7. The two contentions, change of opinion and that the petitioner had made full and true disclosure are raised before us. Reliance is placed on Jindal Photo Films Ltd. vs. DCIT, (1998) 234 ITR 170 (Del); CIT vs. Kelvinator of India Ltd., (2002) 256 ITR 1 (FB)(Del); CIT vs. Eicher Ltd., (2007) 294 ITR 310 (Del); CIT vs. Kelvinator India Ltd. (2010) 320 ITR 561 (SC), wherein the Full Bench decision of the Delhi High Court was affirmed, D.T. & T.D.C. Ltd. Vs. ACIT, (2010) 324 ITR 234 (Del); Rose Serviced Apartment Pvt. Ltd. & Anr. vs. Deputy Commissioner of Income Tax, 2011 TIOL 347 HC DEL IT; Ritu Investment Fvt. Ltd. vs. Deputy Commissioner of Income Tax, W.P.(C) 7515/2010; Cartini India Ltd. vs. Addl. CIT, (2009) 314 ITR 275(Bom); Asteriod Trading and Investments (F) Ltd. vs. DCIT, (2009) 308 ITR 190 (Bom) and CIT vs. Chakiat Agencies (F) Ltd., (2009)314 ITR 200 (Mad).

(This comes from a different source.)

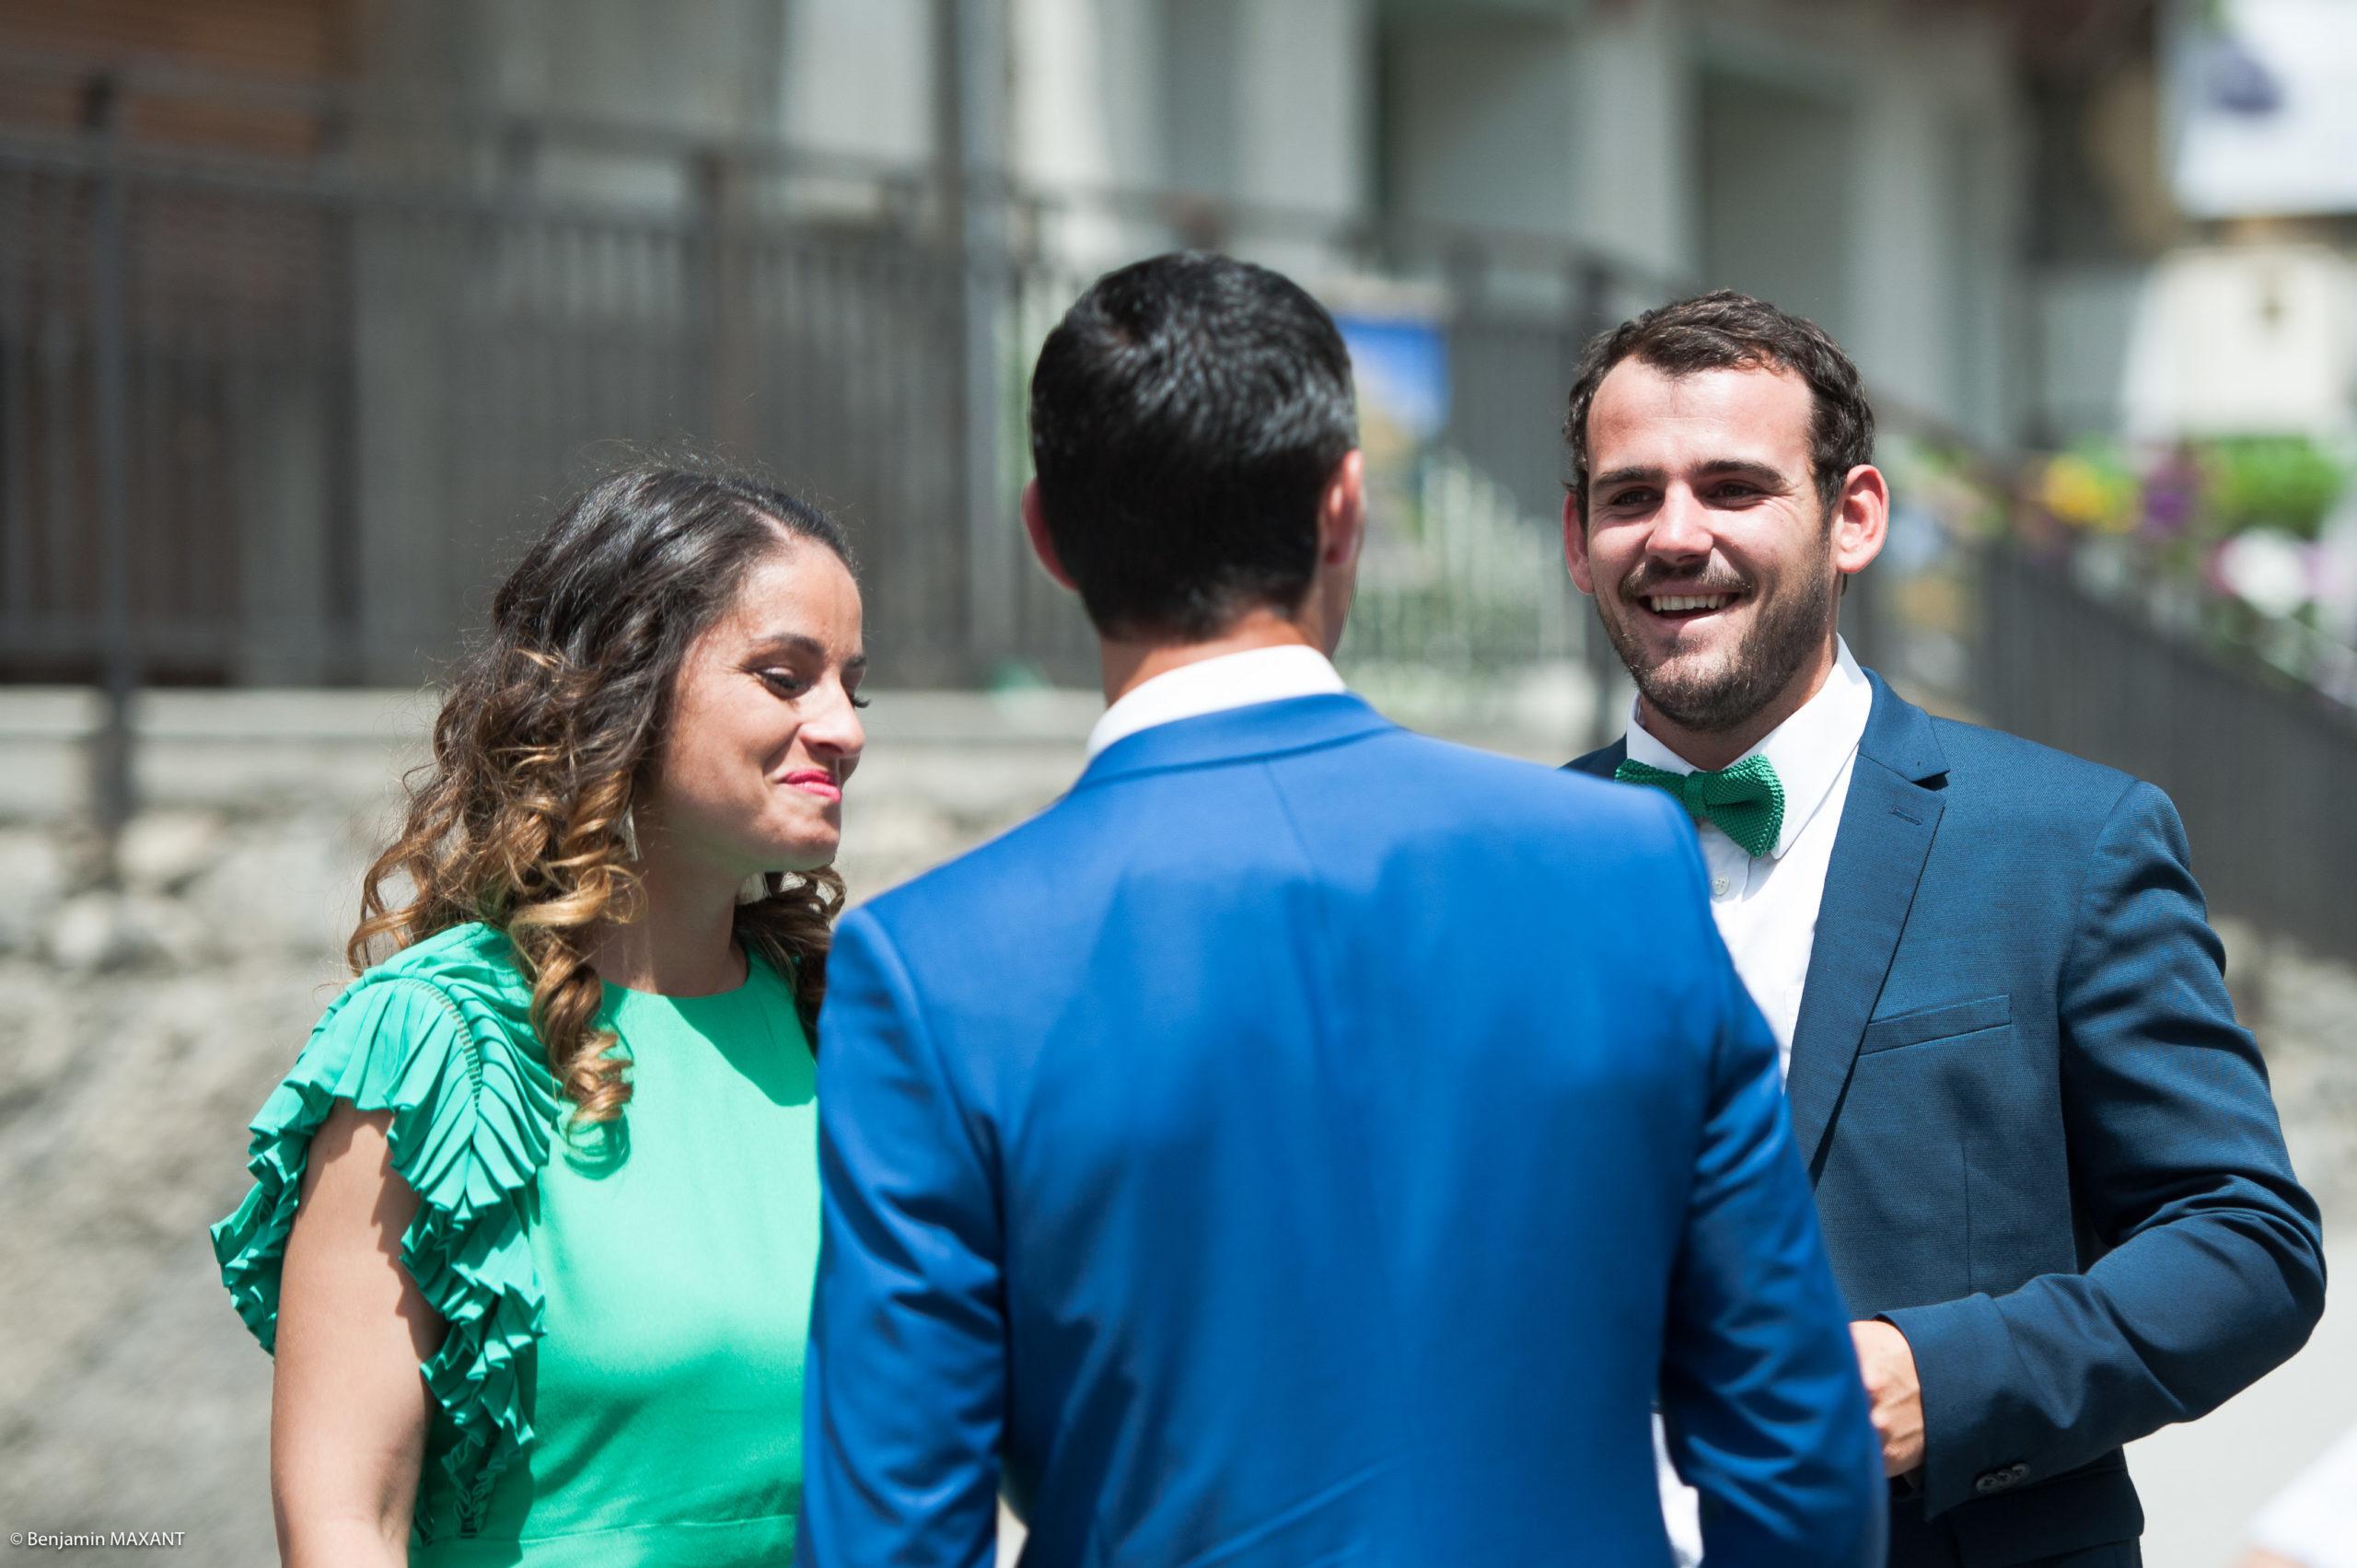 Arrivée des invitées avant la cérémonie civile

8. We have examined the original records of the case which have been produced before us. Reassessment proceedings have been initiated after examining and considering the audit note. The note records that the DuXitors scrutiny revealed that the Assessing Officer had asked the assessee to furnish complete details/confirmations in respect of the sundry creditors amounting to Rs. 1,66,37,402/-. Out of the said amount, the assessee could submit confirmations in respect of the creditors amounting to Rs. 1,13,53,344/- and the balance amount of Rs.52,84,058/- remained unconfirmed. The Assessing Officer in the original assessment order has held that the provisions of Section 41(1) were attracted as liability had remained unpaid and the assessee had failed to explain nexus of these expenses with its business activities. But unconfirmed creditors amounting to Rs. 19,86,551/- only were added back, in spite of total unconfirmed creditors of Rs.52,84,058/-. This had resulted in under assessment of Rs.32,97,057/-.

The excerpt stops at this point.